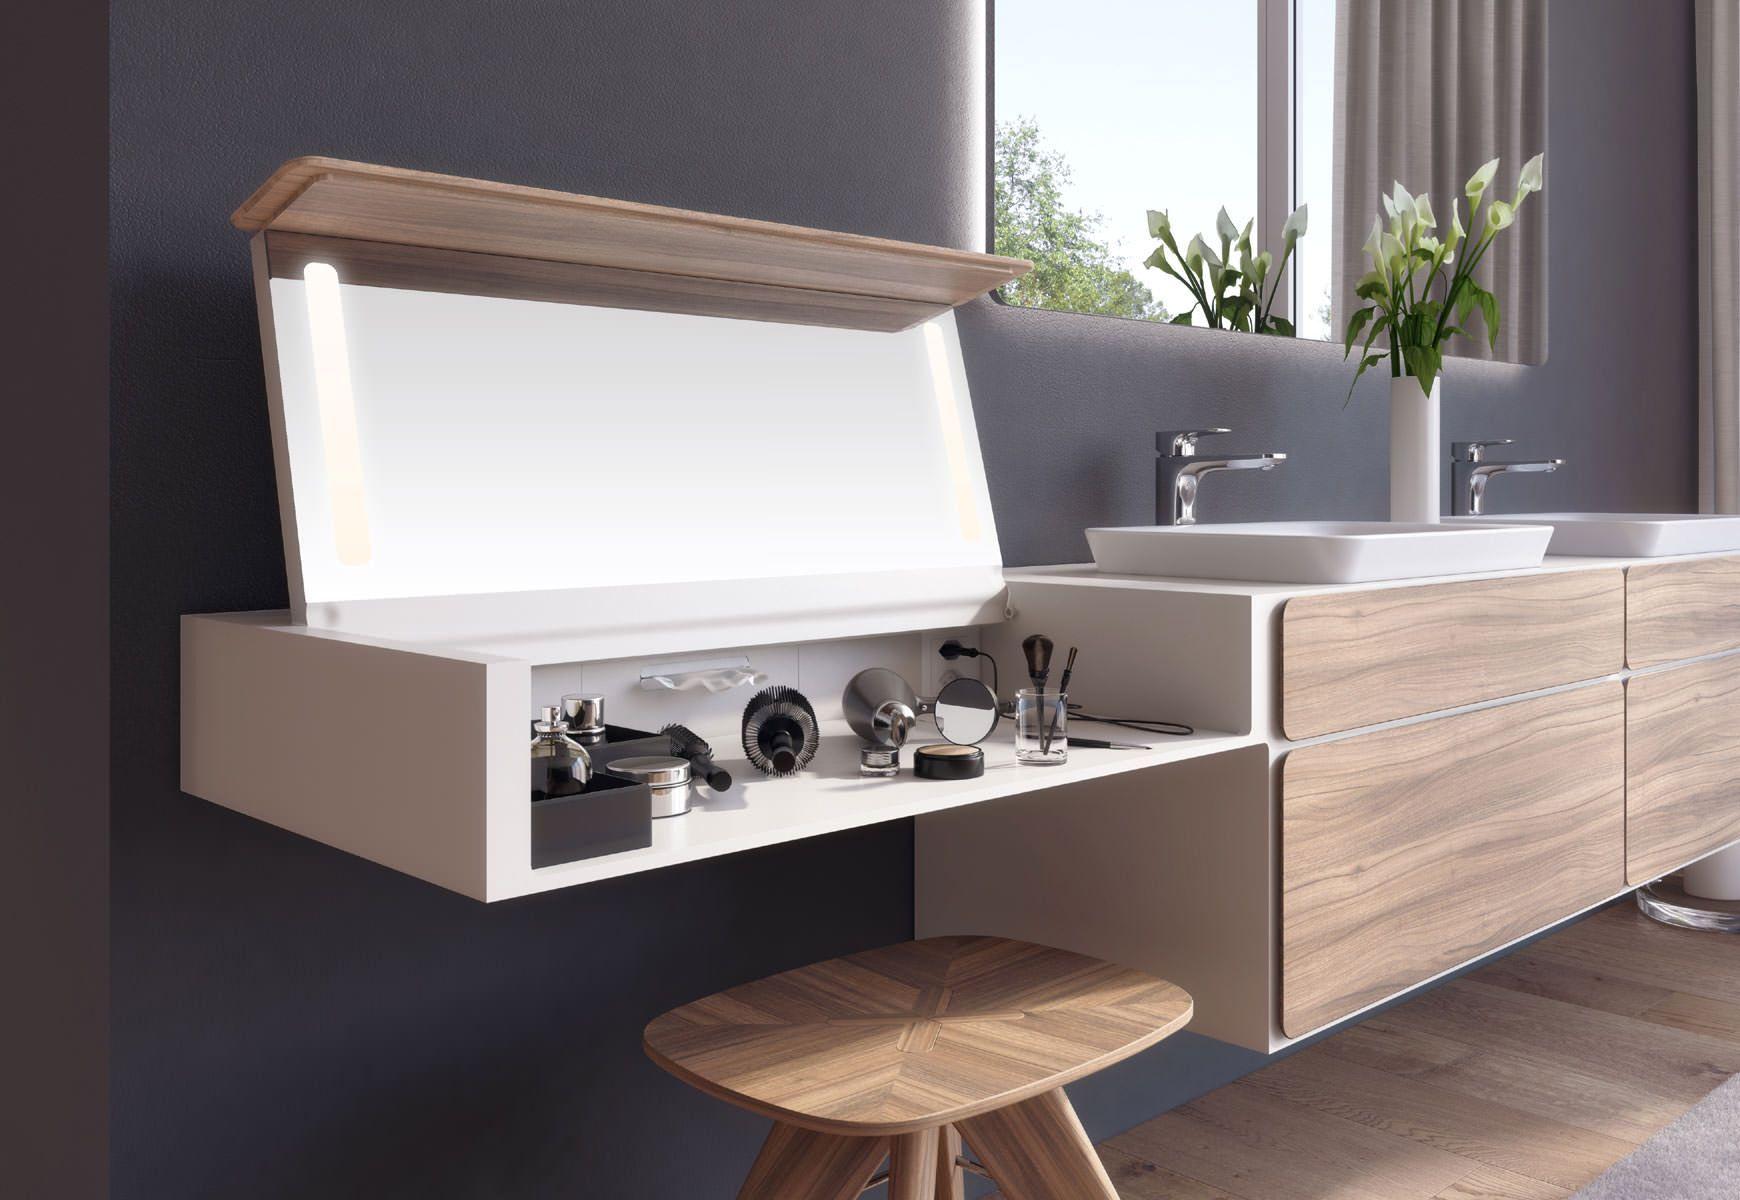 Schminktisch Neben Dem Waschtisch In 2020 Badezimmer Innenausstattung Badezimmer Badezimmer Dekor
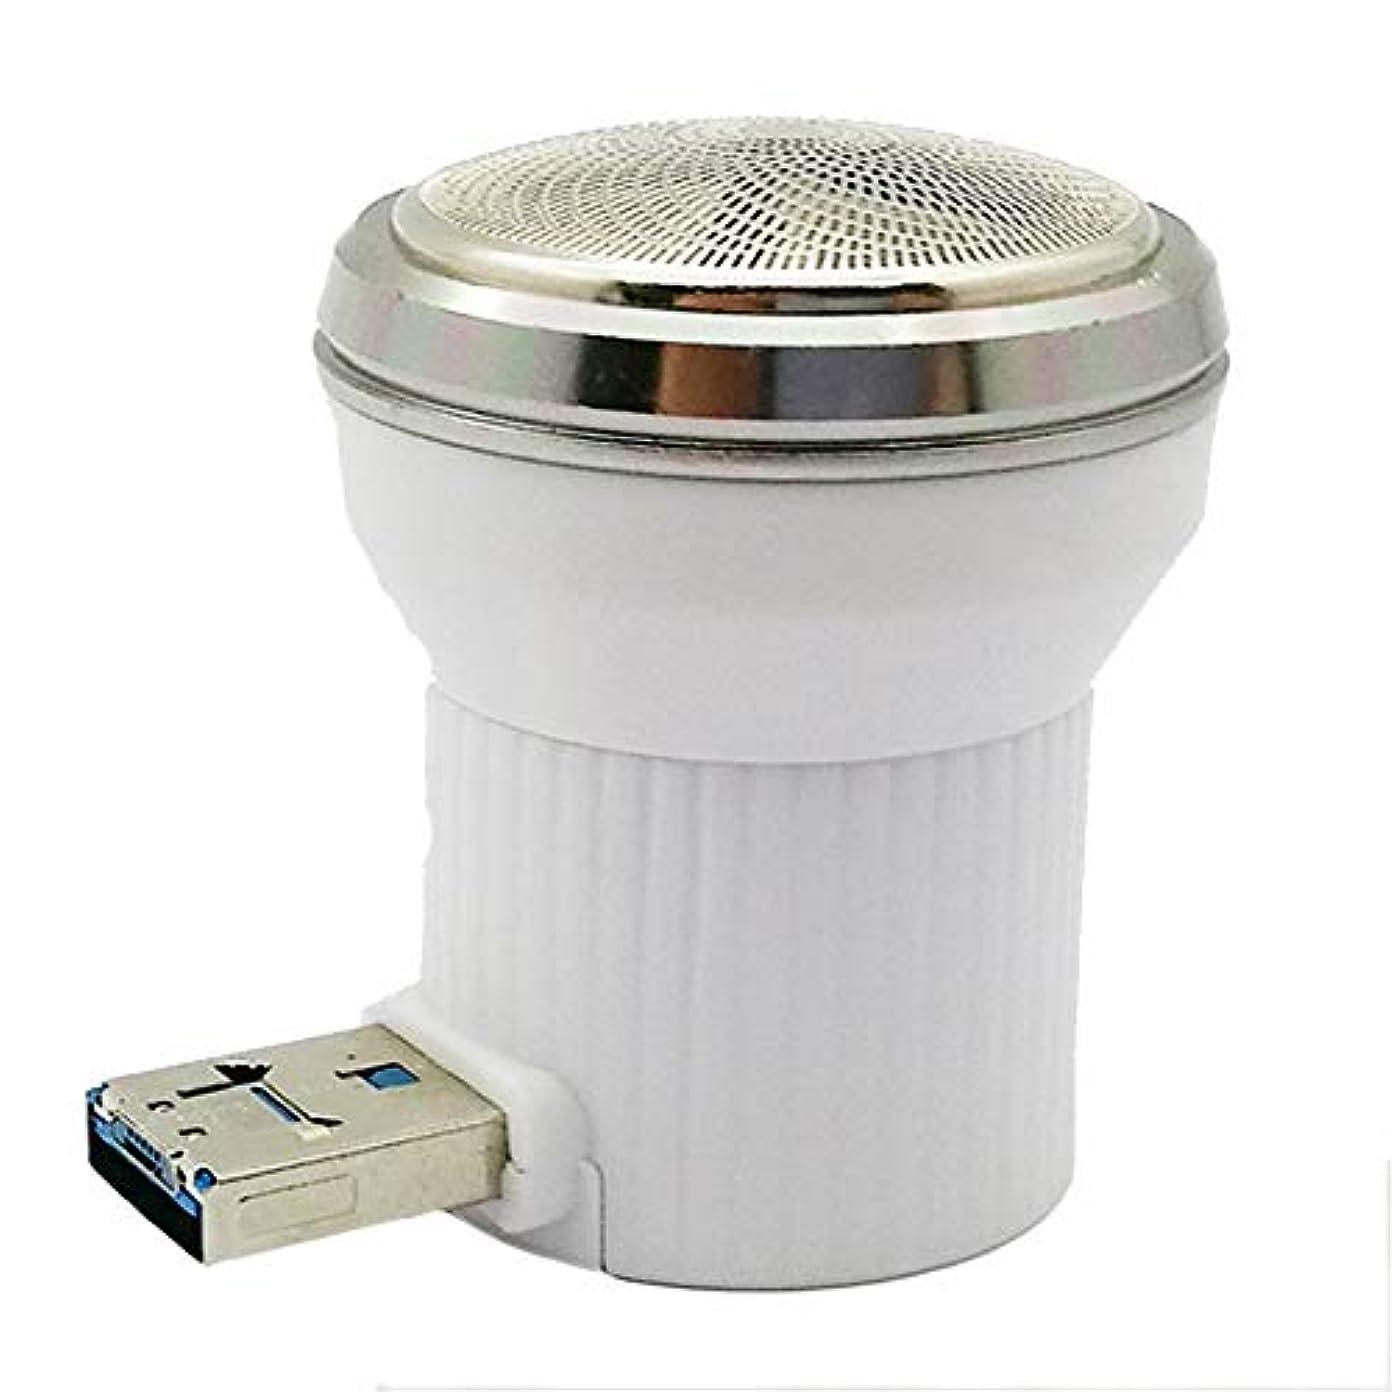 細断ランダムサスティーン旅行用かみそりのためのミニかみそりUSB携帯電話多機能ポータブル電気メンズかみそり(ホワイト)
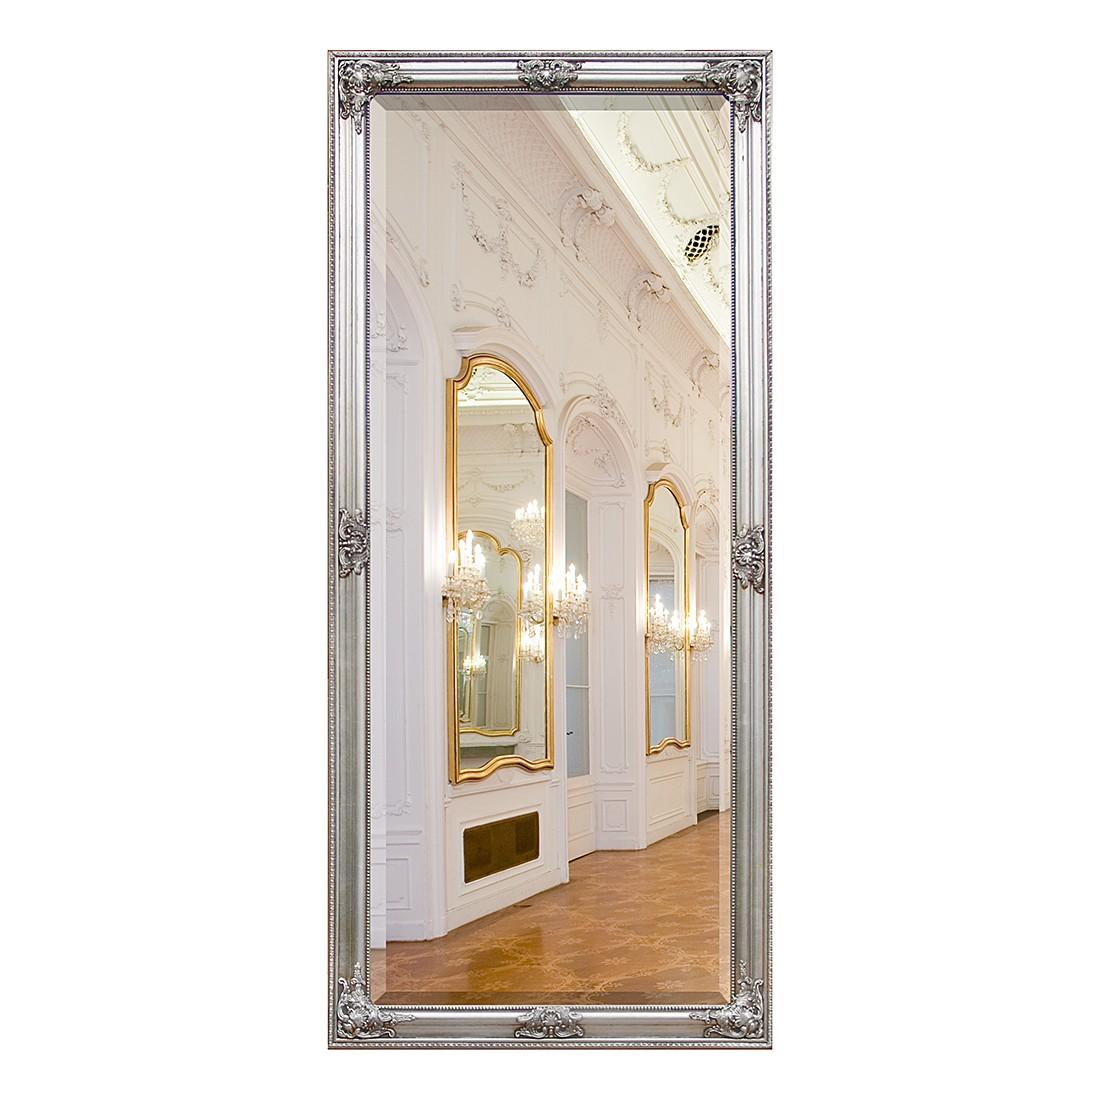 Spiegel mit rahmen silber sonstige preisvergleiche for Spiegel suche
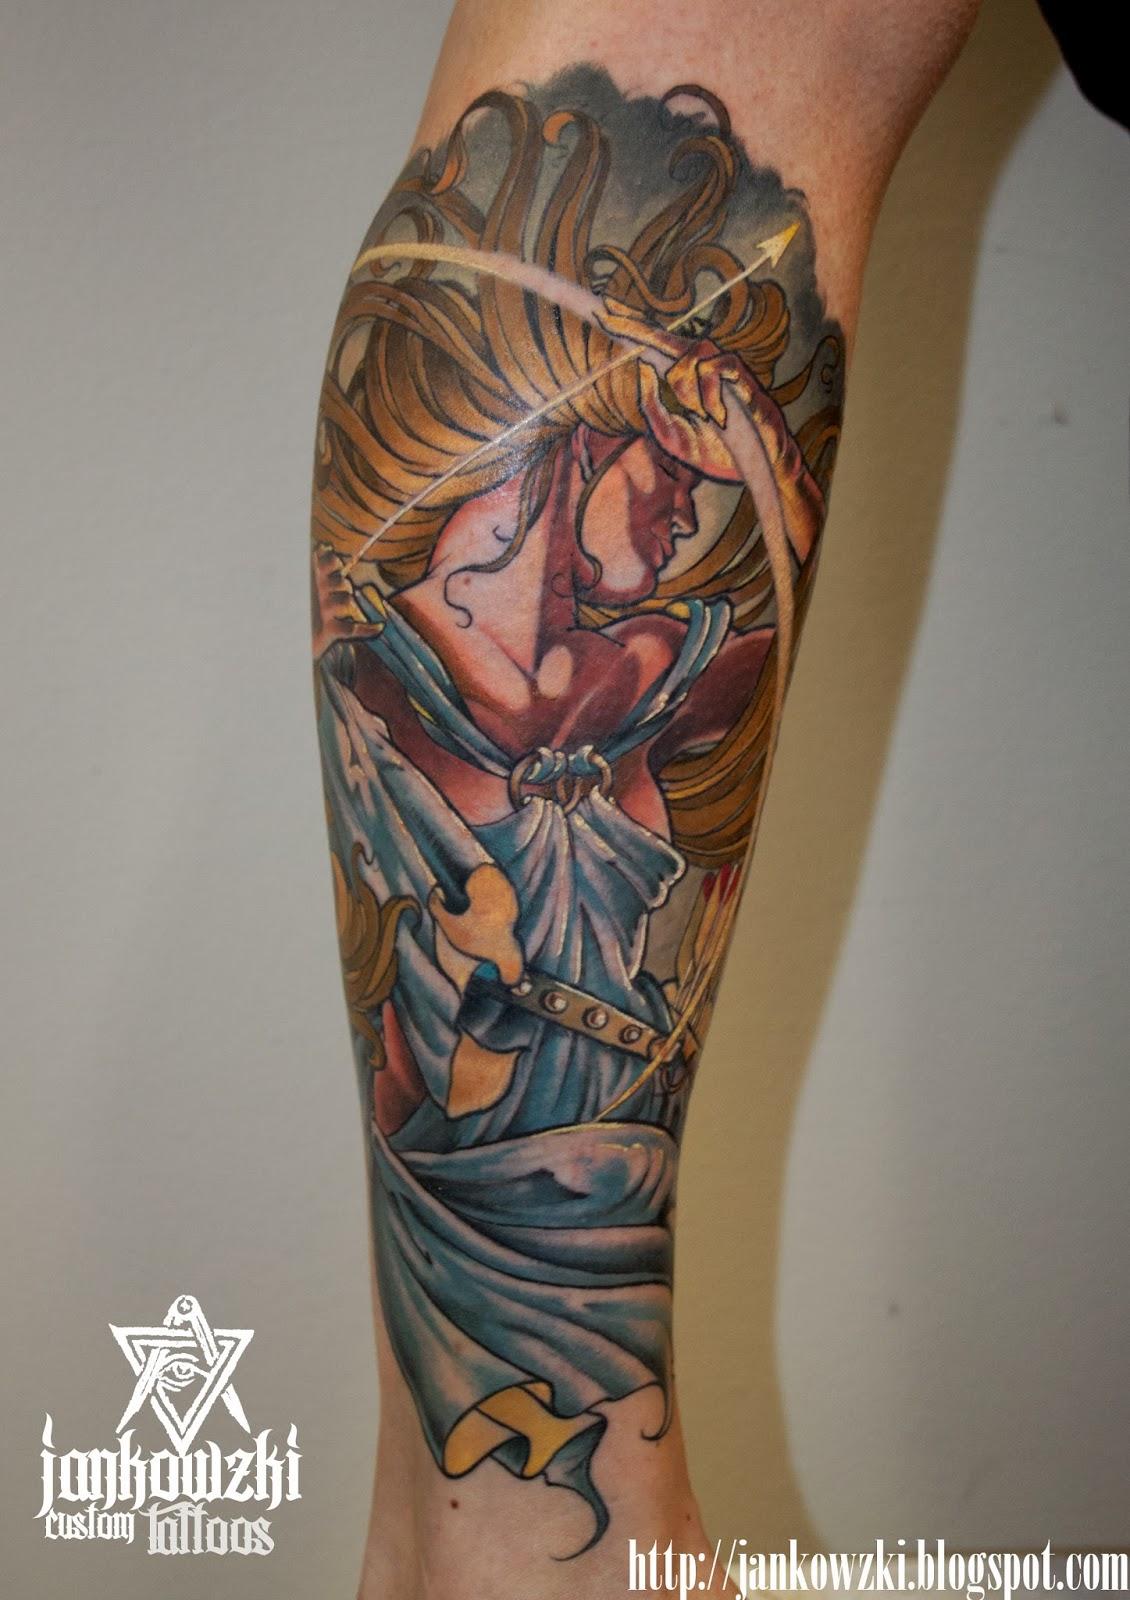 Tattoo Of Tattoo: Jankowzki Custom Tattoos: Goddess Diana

========================================

* [TASK DIRECTIONS]:
Print every line of the listing exactly, please, and leave the images out.

* [FINAL ANSWER]:
 Schminktisch Neben Dem Waschtisch In 2020 Badezimmer Innenausstattung Badezimmer Badezimmer Dekor
 細断ランダムサスティーン旅行用かみそりのためのミニかみそりUSB携帯電話多機能ポータブル電気メンズかみそり(ホワイト)
 Spiegel mit rahmen silber sonstige preisvergleiche for Spiegel suche
 Tattoo Of Tattoo: Jankowzki Custom Tattoos: Goddess Diana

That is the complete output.